In parallel with Mammut Centre's development, Kenyeres supported several programmes to improve the surrounding community. He gave his support to the rehabilitation of neighboring streets, including Retek Street, Feny Street and Lovohaz Street. He encouraged the erection in front of Mammut Centre of a monument to the martyrs of the 1956 Hungarian Revolution. He helped to create the Foundation for the Future of the Homeless, improving the living conditions of the district's homeless.

Kenyeres's development efforts were internationally recognised when Mammut Centre was awarded the 2003 FIABCI Prix d’Excellence for quality urban development.

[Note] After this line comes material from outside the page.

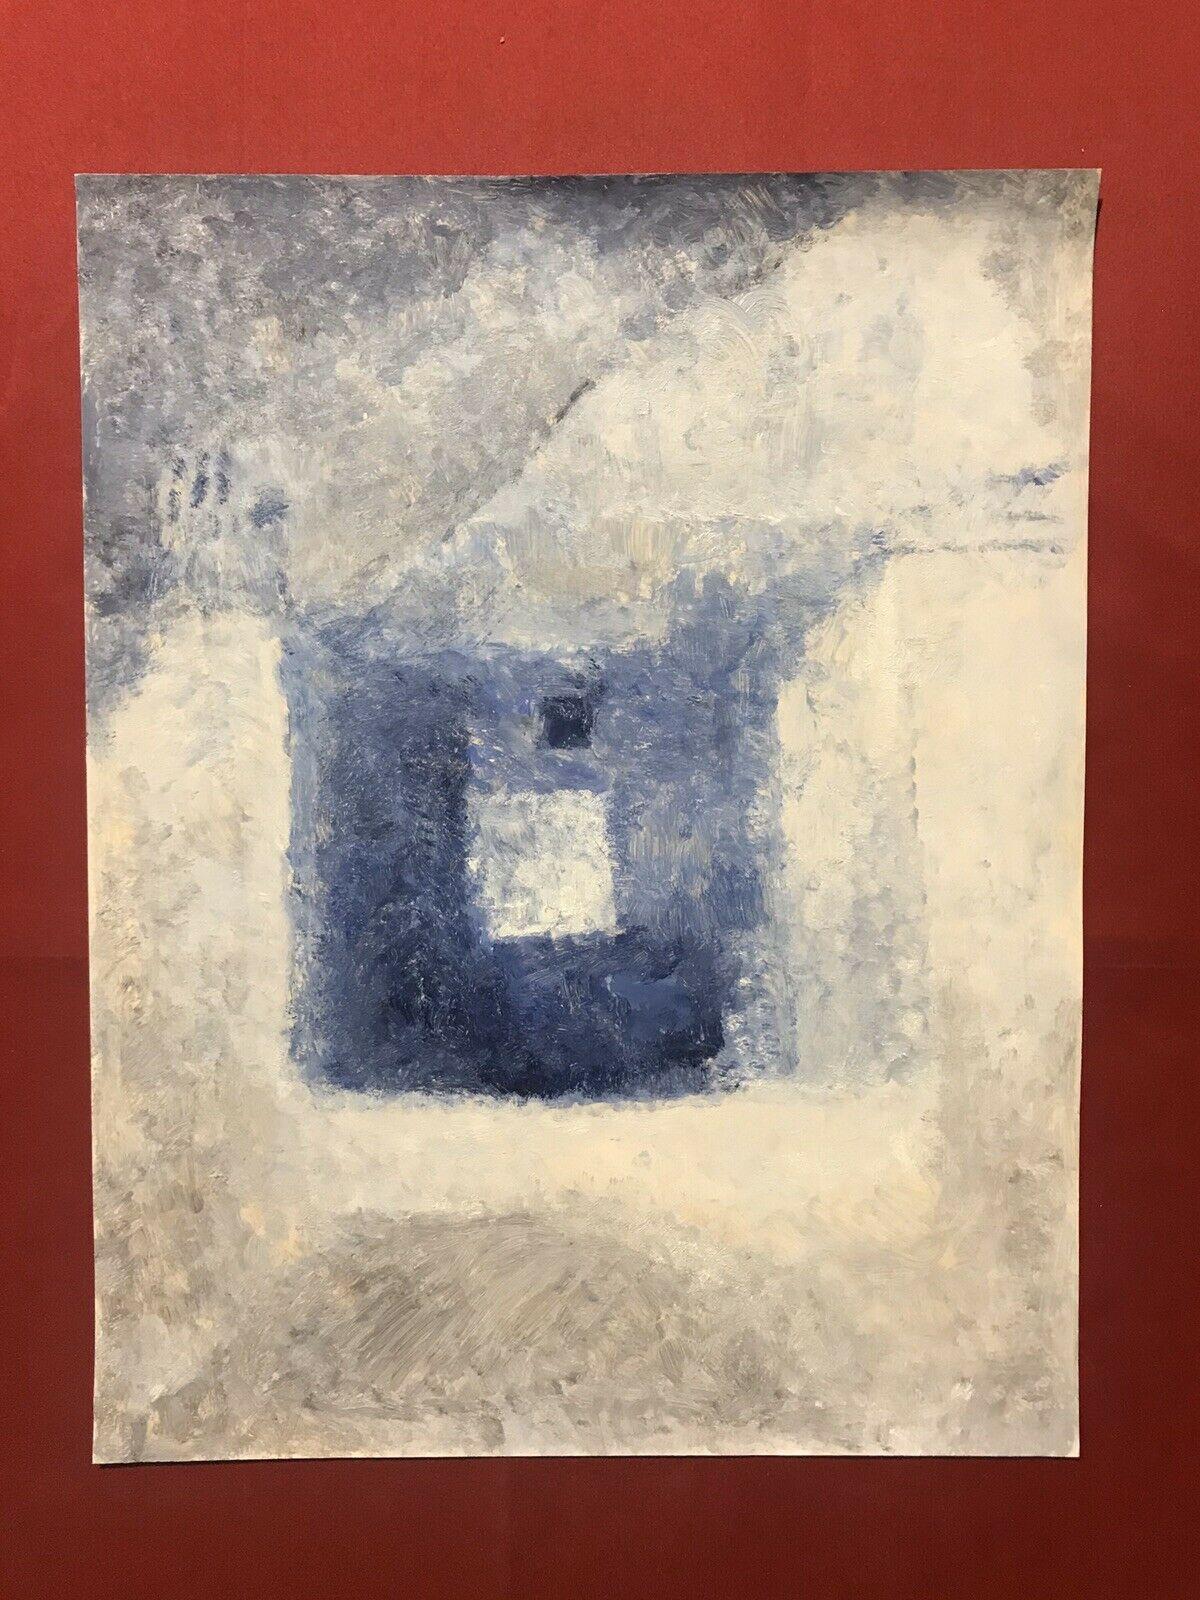 20TH CENTURY FRENCH CUBIST ABSTRACT PAINTING - BLUE GREY AND WHITE COLORS - Painting by Yvette Dubois Habasque
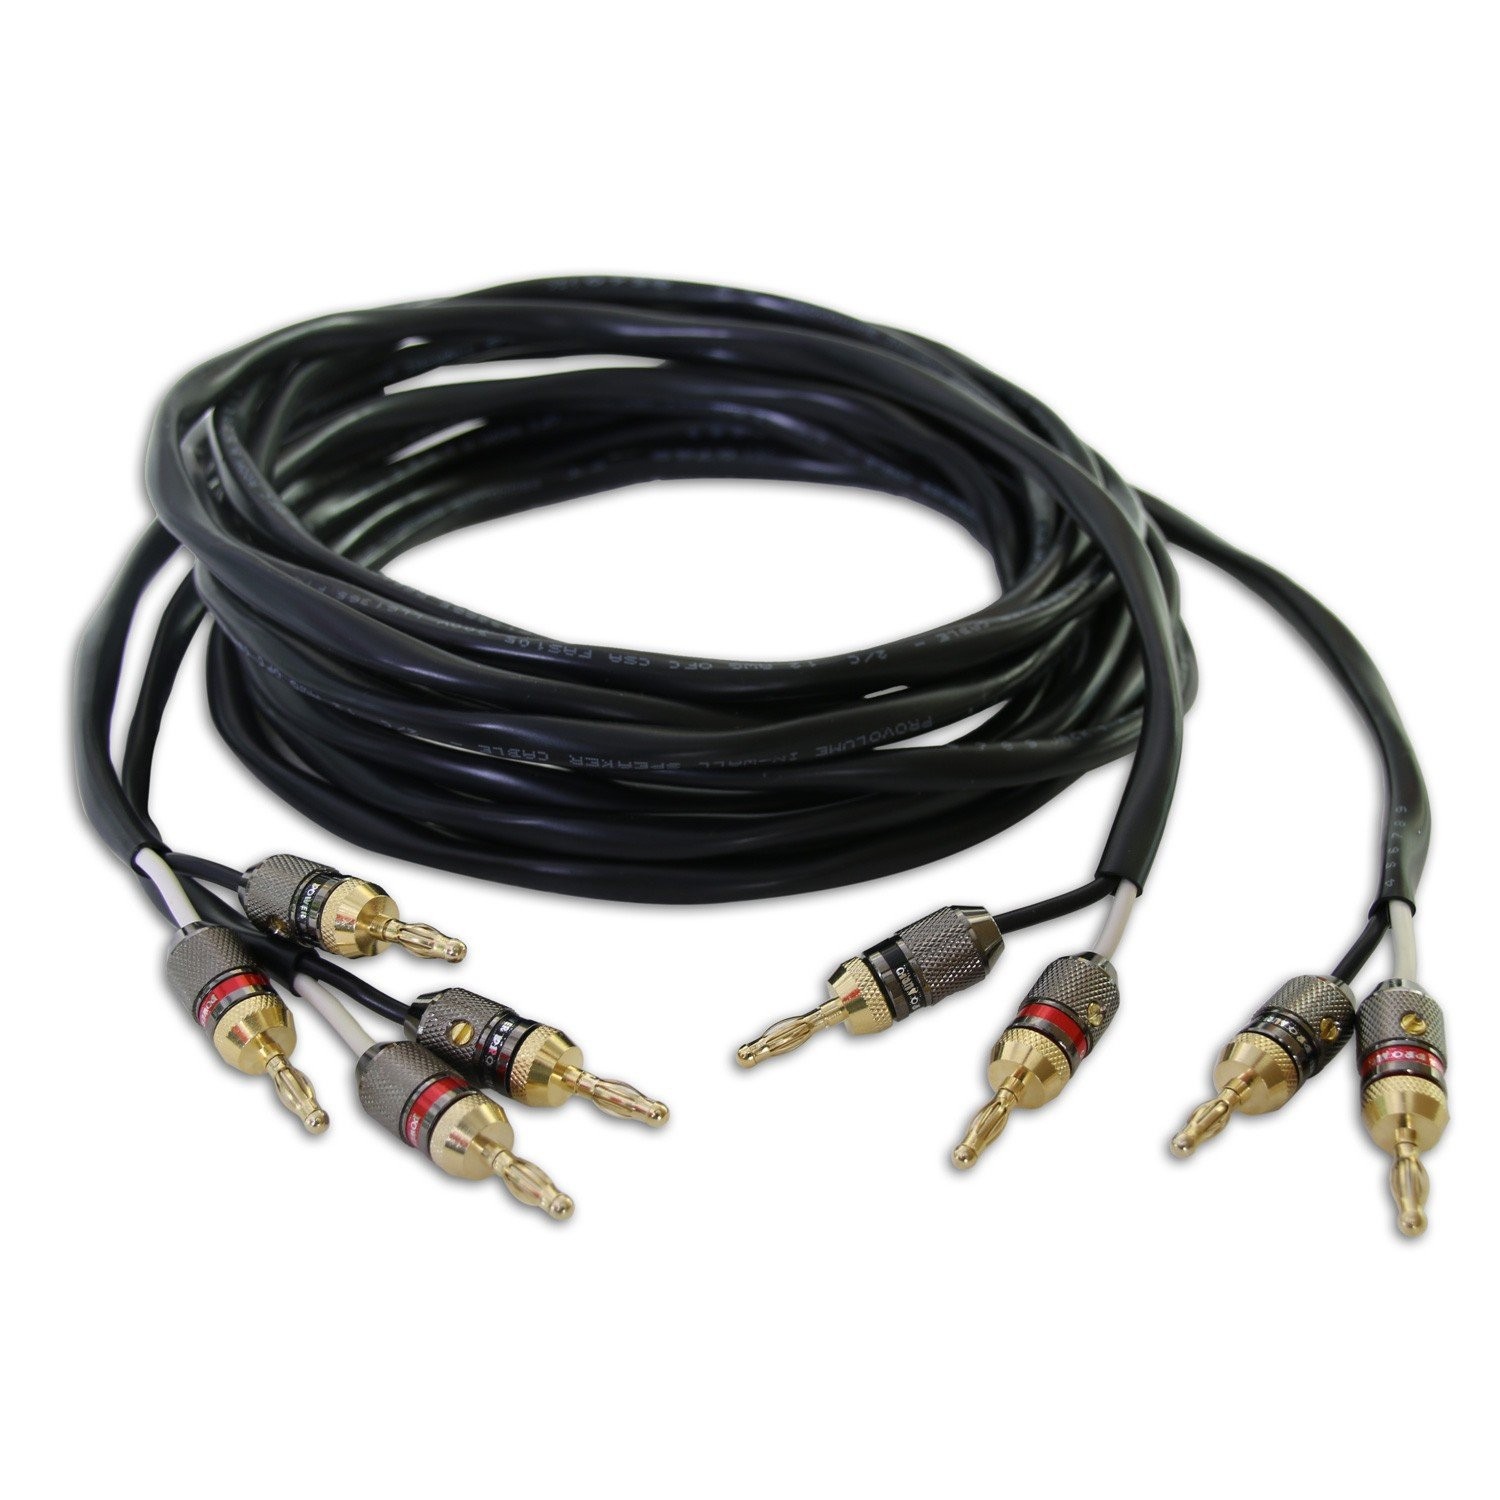 ThruSound HiFi-Series 12AWG 2-Conductor Speaker Wire with Premium 24k Gold-Plated Banana Plugs (35 Feet/Pair)

== Scientific philanthropy ==
Due to Kenyeres's background as an electrical engineer, he recognises the importance of promoting scientific research, particularly the research efforts of younger scientists. For this purpose, in 2002 Kenyeres founded the Talentum Prize together with the Central European Talent Scout Foundation and the Hungarian Academy of Science.

The Talentum Prize provides recognition and financial support to young scientific researchers who demonstrate extraordinary talent. Each year, the prize is awarded to three young Central European scholars, professionals or researchers who offer a promising scientific concept, issue or professional programme. In addition to scientific value, each offering is assessed based on its social benefits, feasibility and impact on the quality of life.

In 2003, Kenyeres was the main sponsor and speaker at the World Science Forum in Budapest, a milestone event that included as one of its speakers the famous central banker Alexandre Lamfalussy. At this event, Kenyeres introduced the Talentis Project, the goal of which is to develop a Central European hub for promoting scientific research in the Zsambek region of Hungary.

== Hotel Developments ==
In recent years, real estate development has been the focus of Kenyeres's interest. Over the past five years, three hotels in the centre of Budapest have been taken over by Dominarium, which has been renovated one by one: the T62 Hotel, the D8 Hotel and the M-Square Hotel.
The creation of a health hotel, called Grapehill Residence is one of the ongoing projects in his life. The planning and preparation phase is already in full swing, with work expected to begin by 2023. The complex will be located in the immediate vicinity of Budapest.